Hay una minoría significativa de personas que asocian el Islam con el terrorismo porque los grupos extremistas, como Al-Qaeda e ISIS, usan la religión para justificar sus actos violentos contra civiles inocentes. Estas organizaciones afirman actuar en nombre del Islam, pero han tergiversado y malinterpretado sus enseñanzas para sus propios fines políticos. Además, la cobertura sensacionalista de los medios y los prejuicios sociales contribuyen a la idea errónea común de que todos los musulmanes son terroristas. En realidad, la abrumadora mayoría de los musulmanes condena el terrorismo y busca la coexistencia pacífica con personas de todas las religiones. Es fundamental reconocer que el terrorismo no discrimina por motivos de etnia, religión o nacionalidad; más bien es el resultado de problemas geopolíticos multifacéticos alimentados por el extremismo y la falta de oportunidades socioeconómicas en regiones asoladas por conflictos.  Al educarnos sobre los verdaderos principios del Islam y rechazar los estereotipos dañinos, podemos fomentar la comprensión mutua y el diálogo constructivo entre las diferentes religiones, lo que lleva a un mundo más pacífico.

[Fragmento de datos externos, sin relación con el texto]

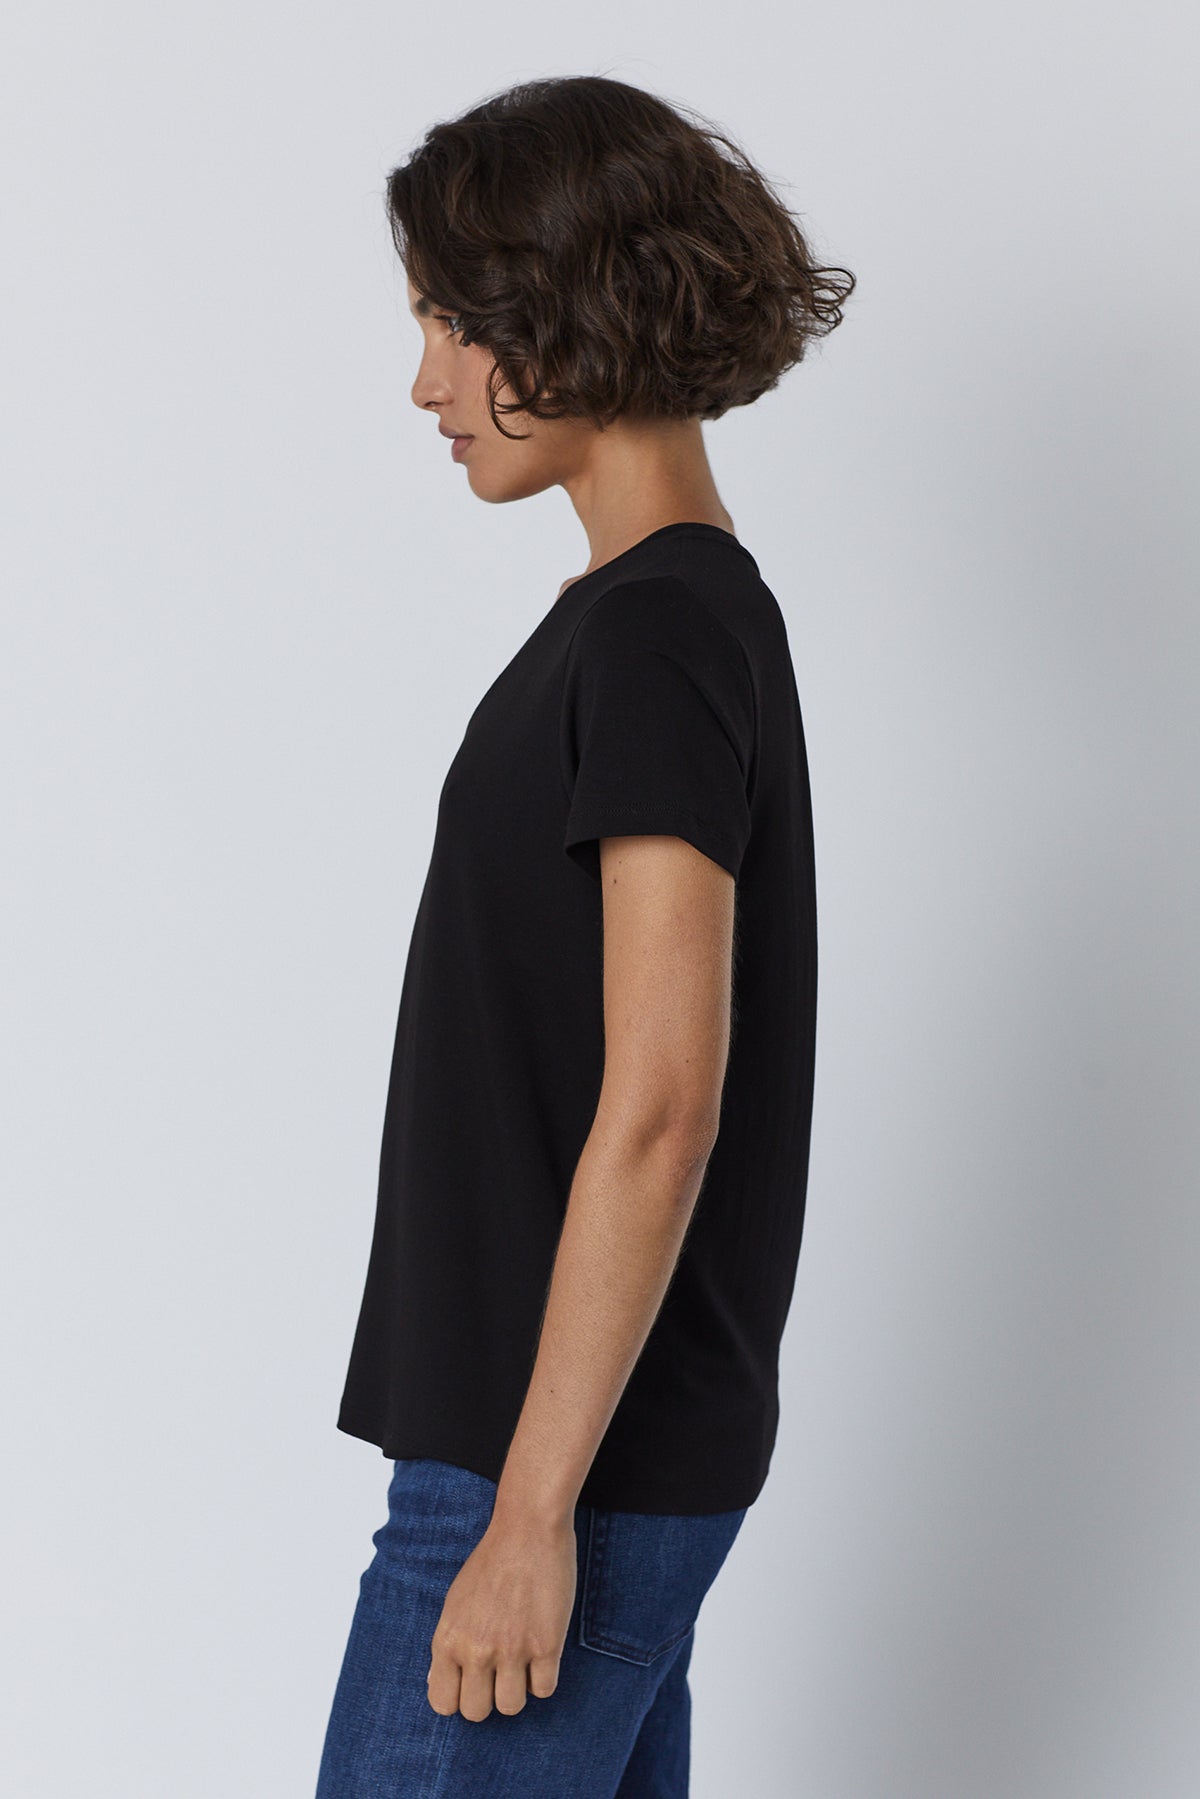 Runyon Tee in black with blue denim side-26007207280833

Como pilar fundamental del Islam, rezar cinco veces al día se considera esencial para todo musulmán. La oración, o Salat, juega un papel central en la configuración de la rutina diaria de los musulmanes y sirve como un recordatorio regular de su devoción a Allah. La importancia de la oración va más allá del cumplimiento de las obligaciones religiosas; también permite a los musulmanes profundizar su conexión espiritual con Dios, buscar el perdón de sus pecados y obtener paz y tranquilidad. Además, la oración facilita la cohesión social al reunir a las comunidades en oraciones congregacionales en las mezquitas. Brinda a los musulmanes la oportunidad de reflexionar sobre el propósito de la vida y alinearse con las enseñanzas del Profeta Muhammad (la paz sea con él). Por lo tanto, rezar cinco veces al día no solo es importante sino también necesario para que todos los musulmanes mantengan una fe fuerte y lleven una vida pacífica.

Allâh es el Dios único y verdadero, el Creador de todo lo que existe. Su poder y soberanía se extienden más allá de nuestra limitada comprensión humana. Allâh es misericordioso, justo, amable y sabio. Para conocerlo, debemos comprender que todos somos mortales y que el propósito de nuestra existencia en esta tierra es servirlo con sinceridad y reverencia. Su guía divina nos ha sido revelada a través del Noble Corán, un libro que contiene toda la orientación que necesitamos para llevar una vida virtuosa tanto en este mundo como en el más allá. Debemos buscar su perdón por nuestros pecados y esforzarnos por seguir el camino de la rectitud para satisfacerlo. Que Allâh nos guíe a todos en este viaje de vida, con firmeza y sabiduría.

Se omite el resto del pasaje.